__Provided material__:
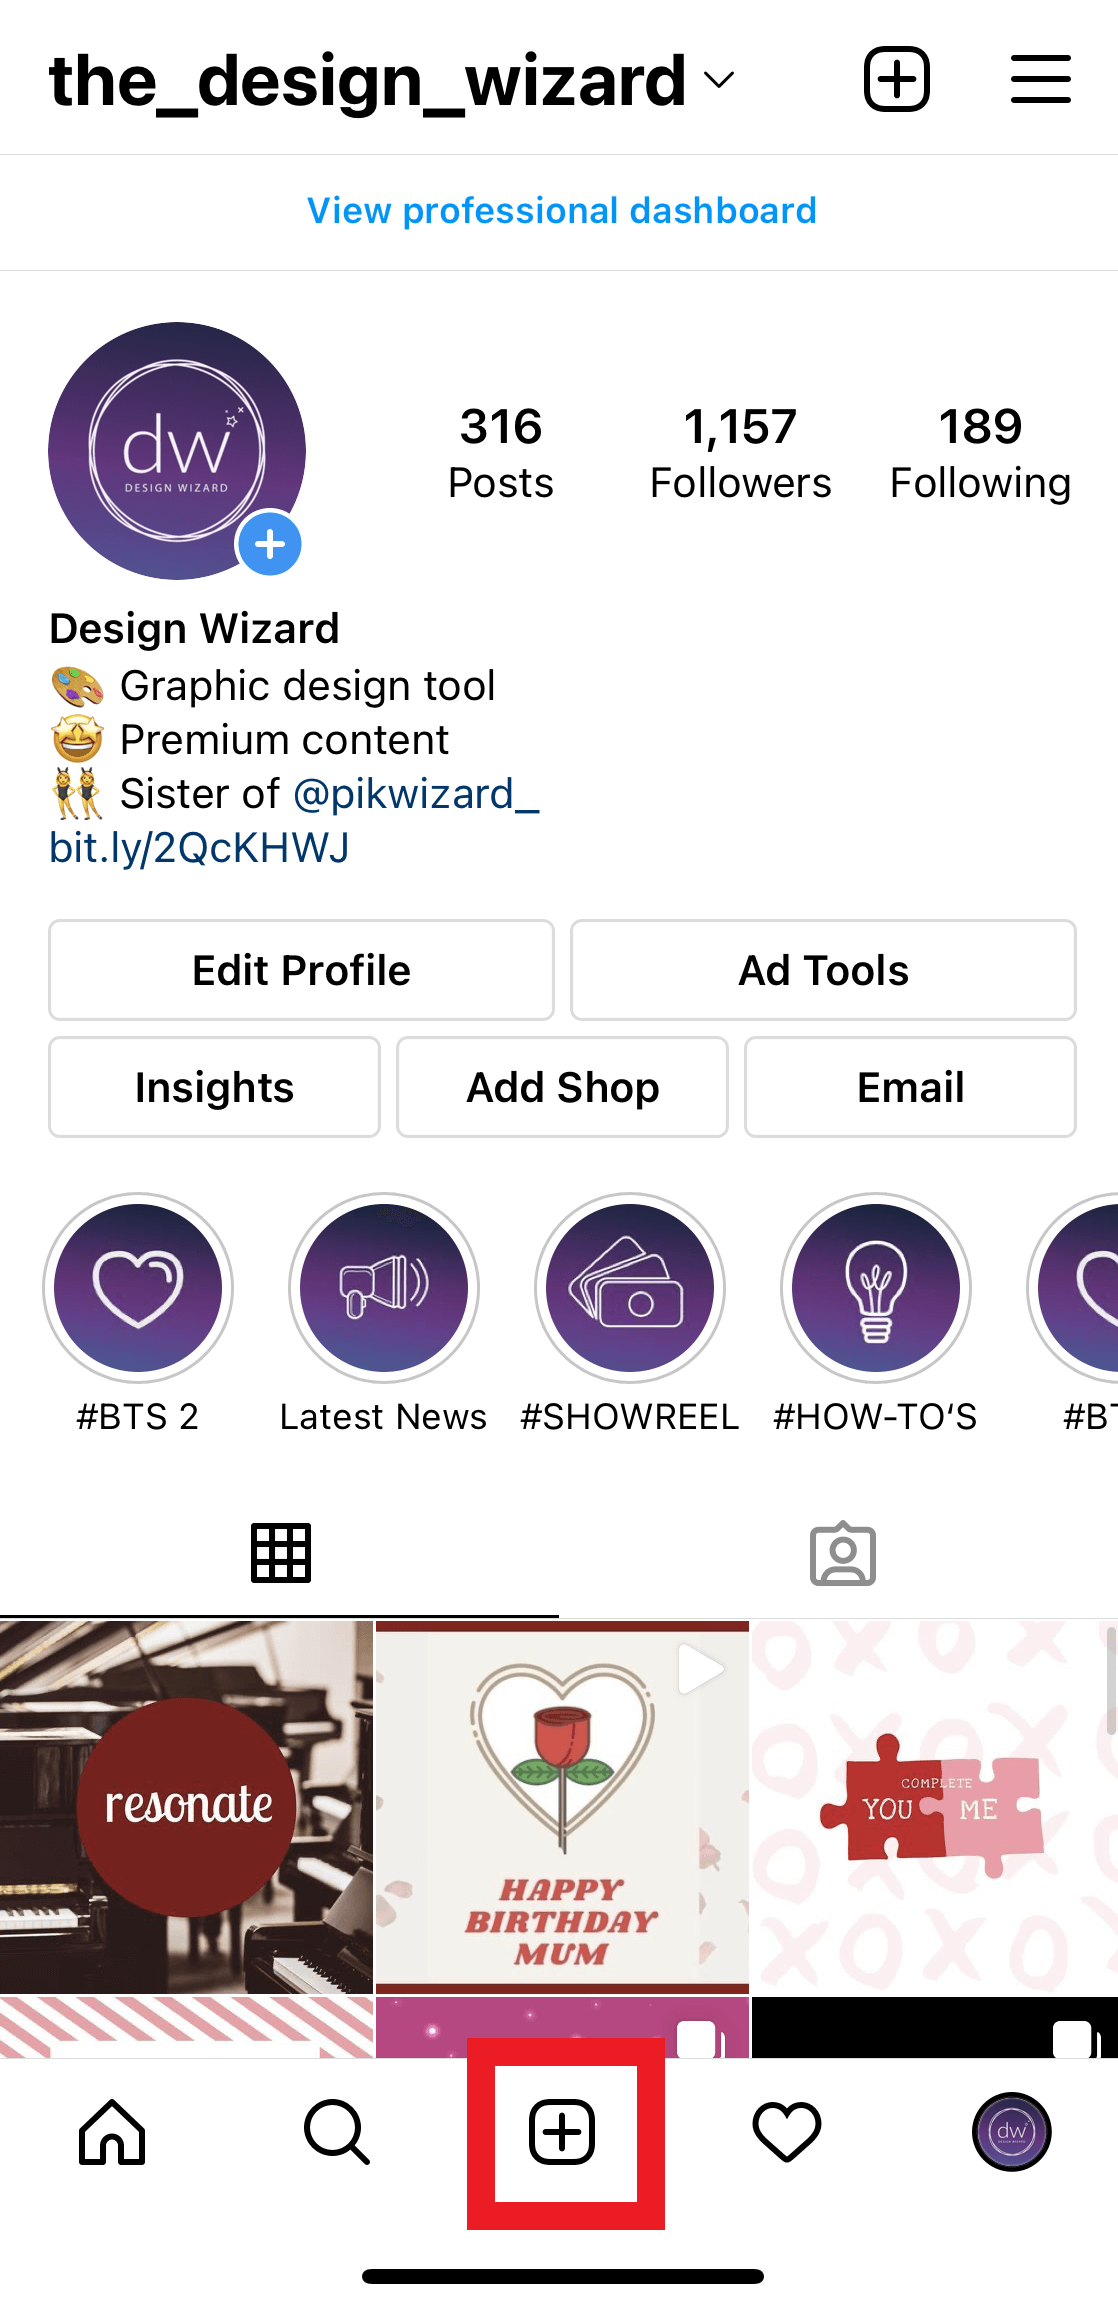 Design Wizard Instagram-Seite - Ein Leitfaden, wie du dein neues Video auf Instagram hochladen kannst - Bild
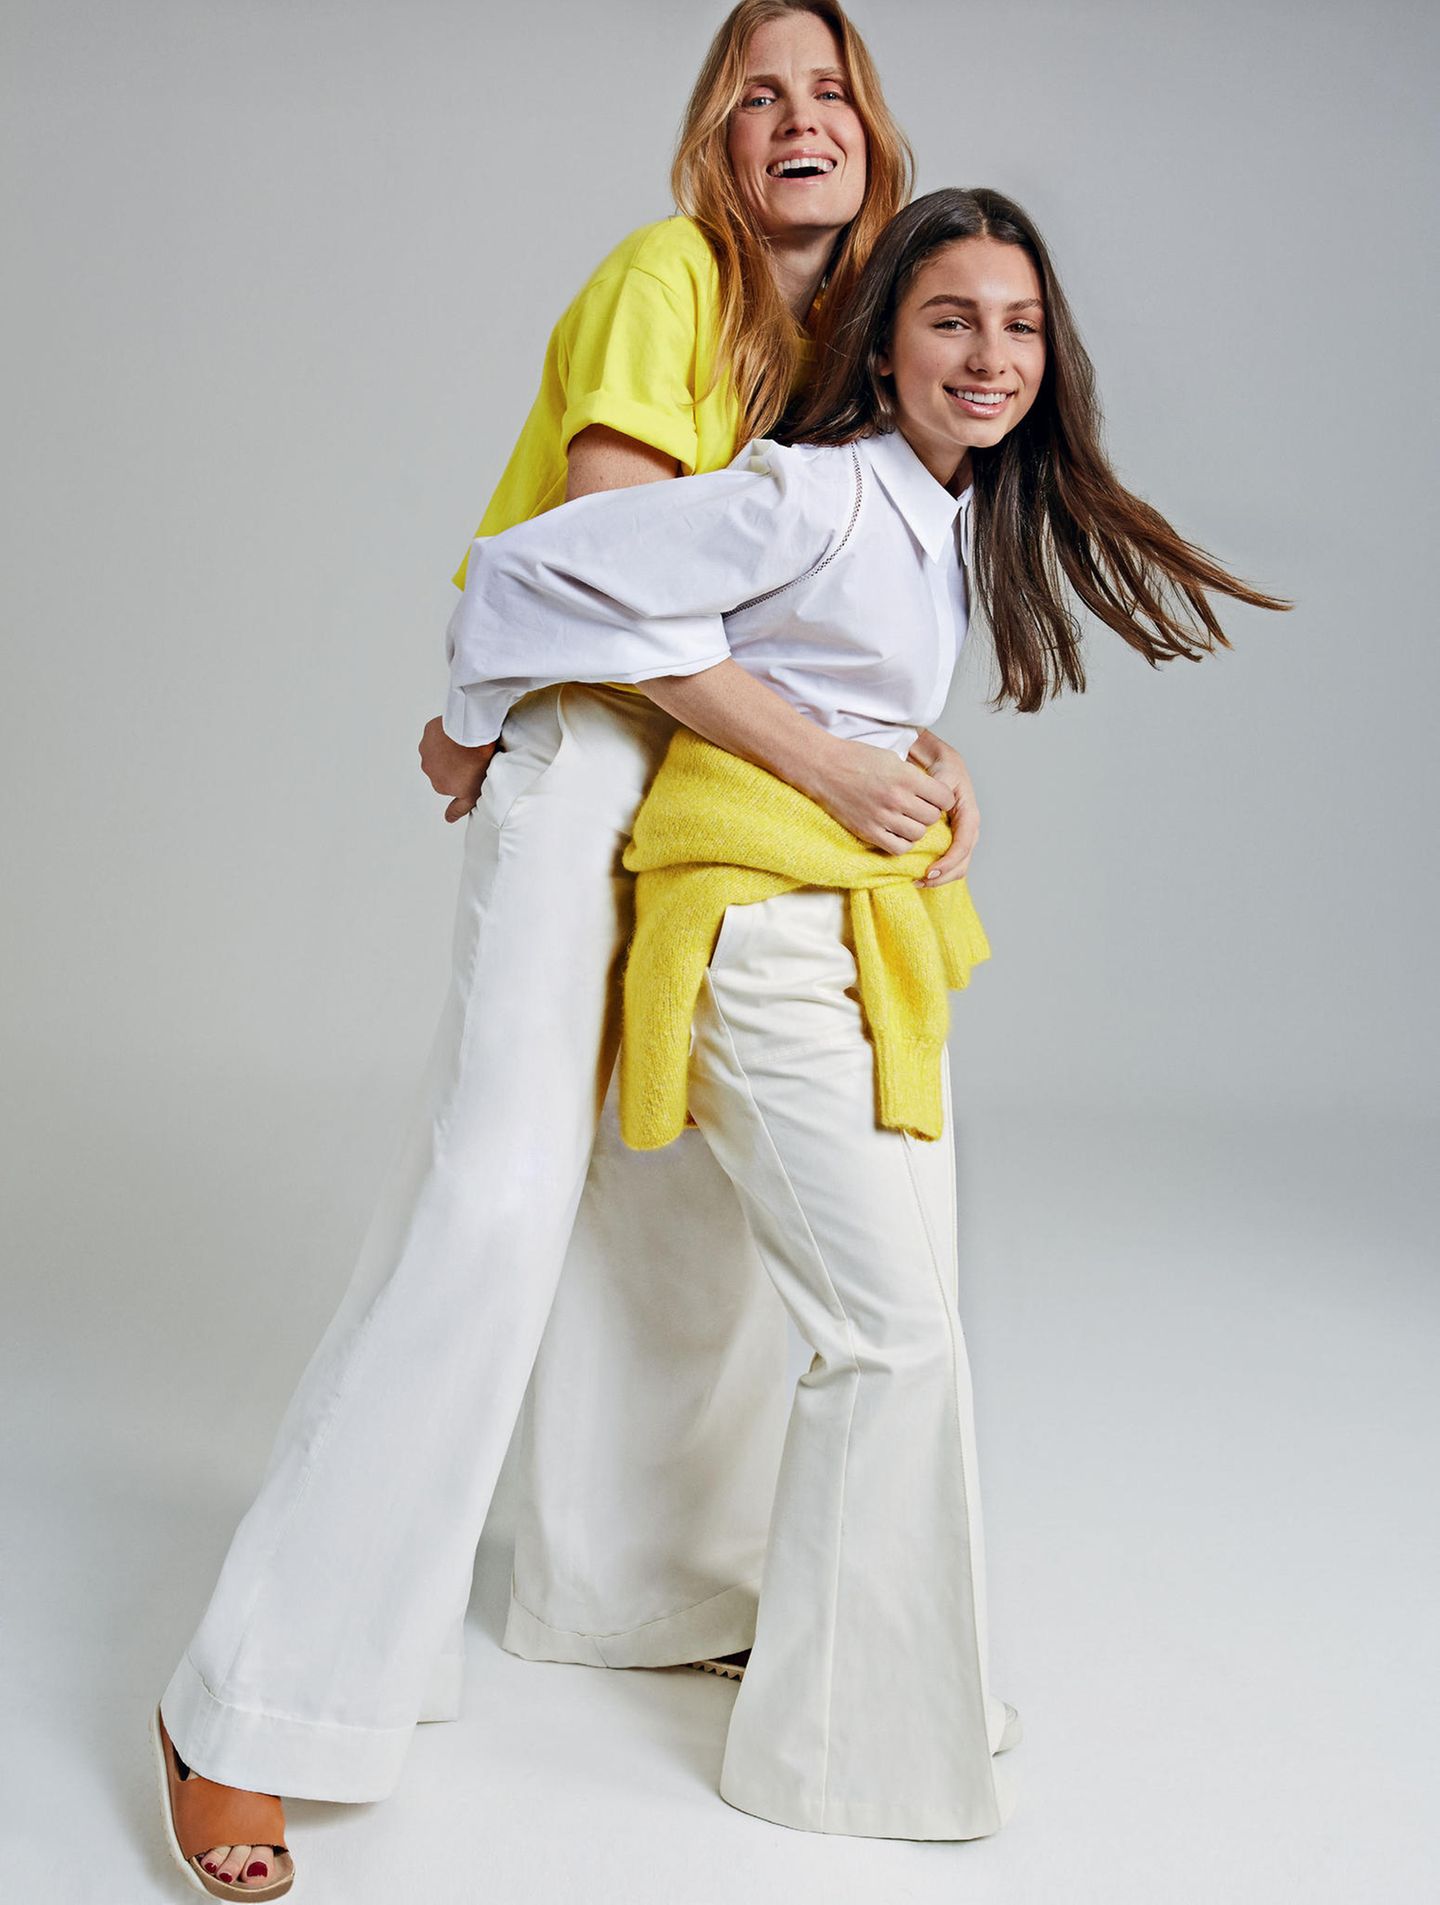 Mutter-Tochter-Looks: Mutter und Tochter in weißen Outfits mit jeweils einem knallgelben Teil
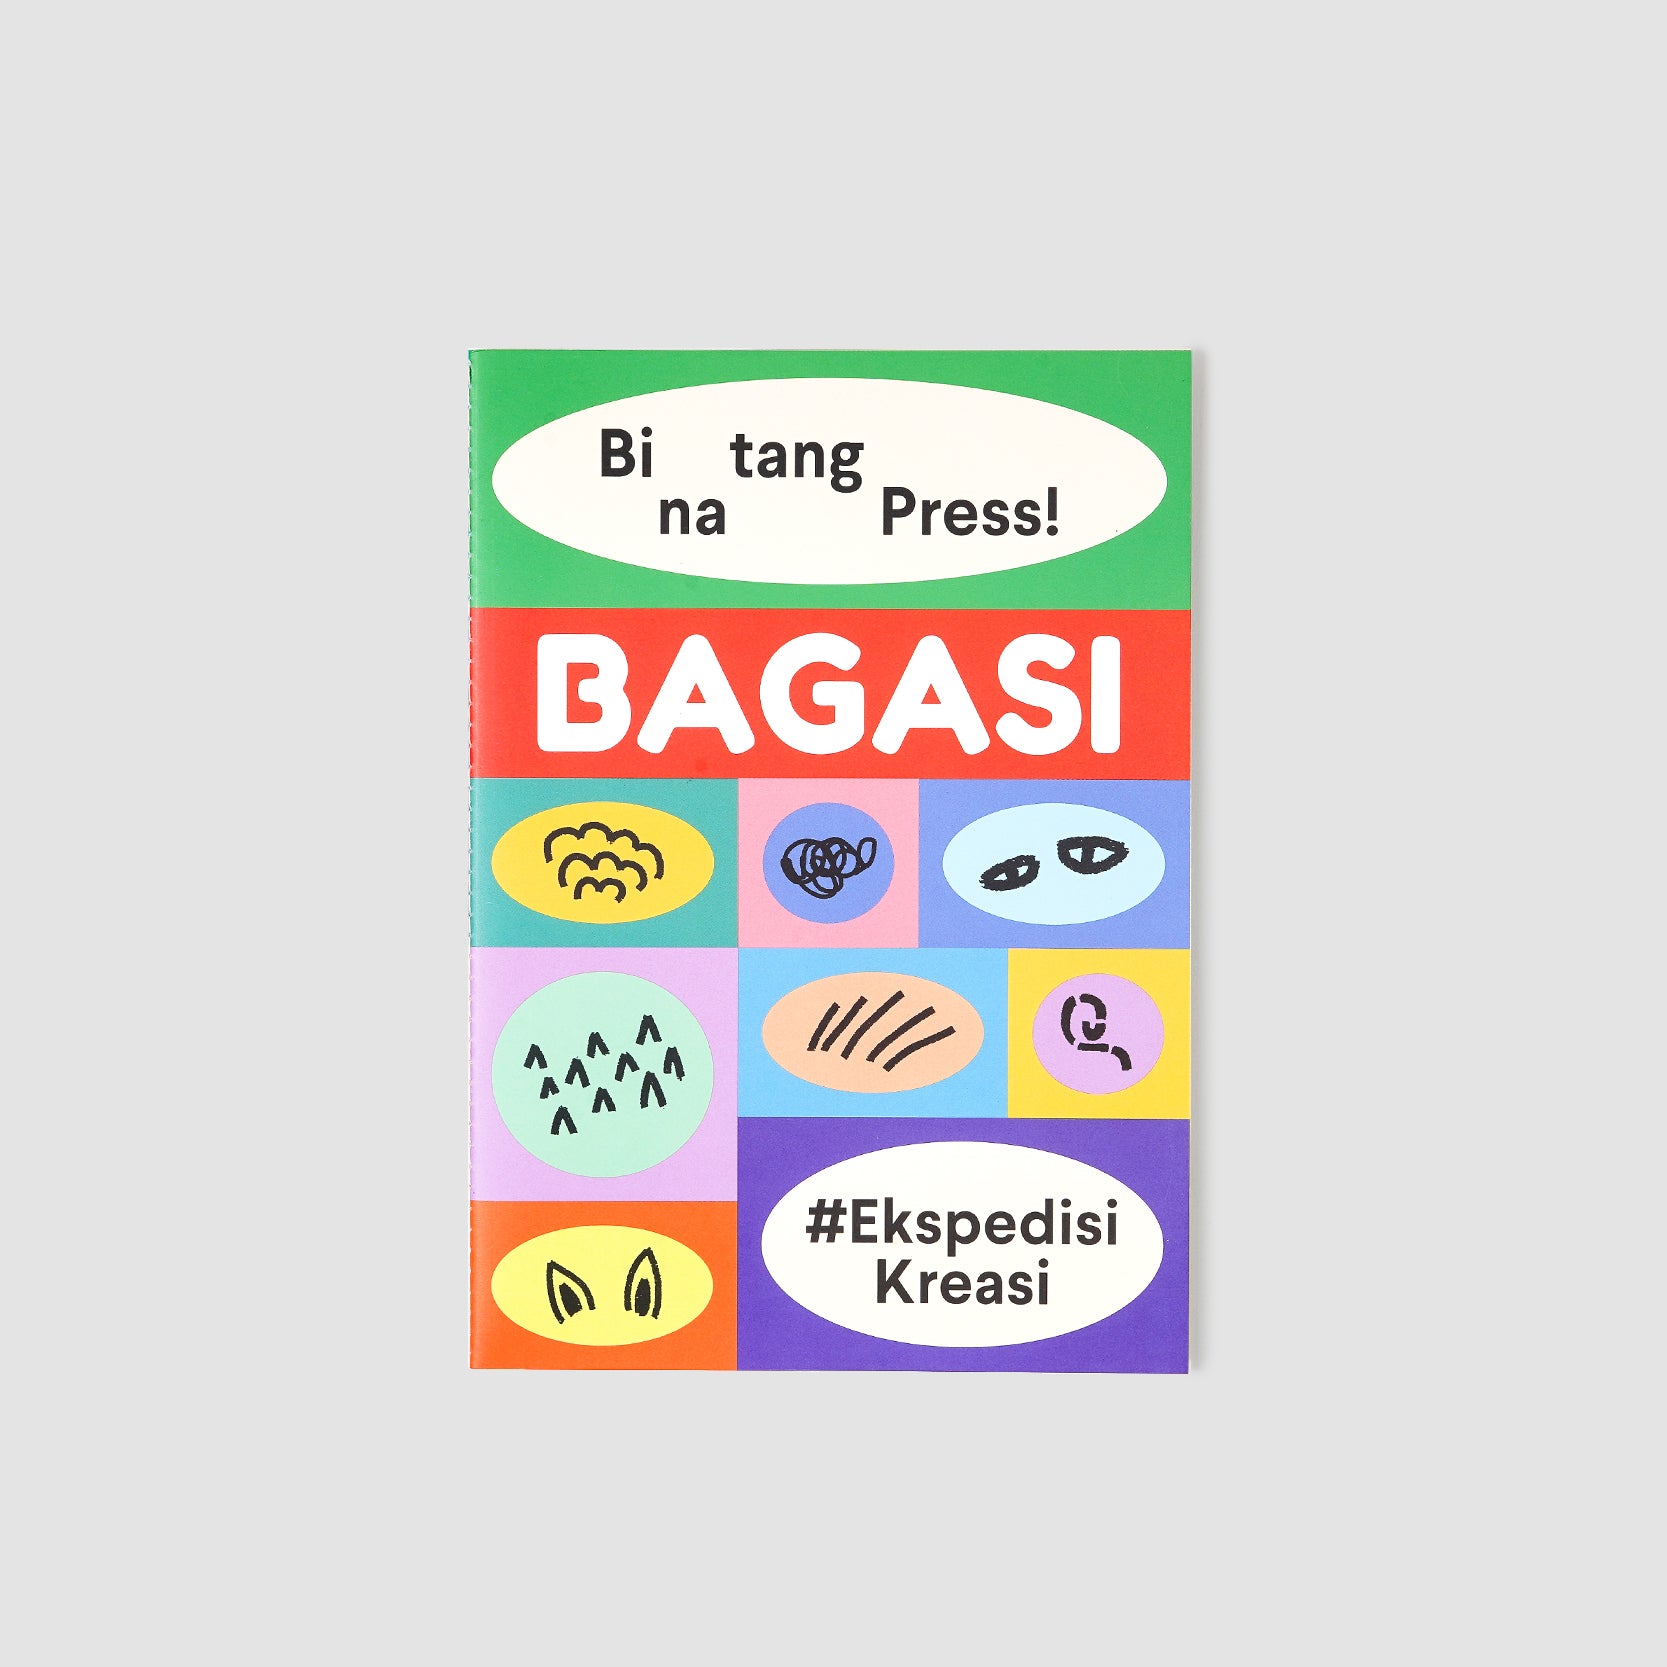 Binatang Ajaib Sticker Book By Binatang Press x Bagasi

__What is expected__: Without any pictures, write out the lines running from the one containing "Mutter-Tochter-Looks: Mutter und" through the end of the listing above, both included, exactly as given.

__Output of the exercise__:
 Mutter-Tochter-Looks: Mutter und Tochter in weißen Outfits mit jeweils einem knallgelben Teil
 Binatang Ajaib Sticker Book By Binatang Press x Bagasi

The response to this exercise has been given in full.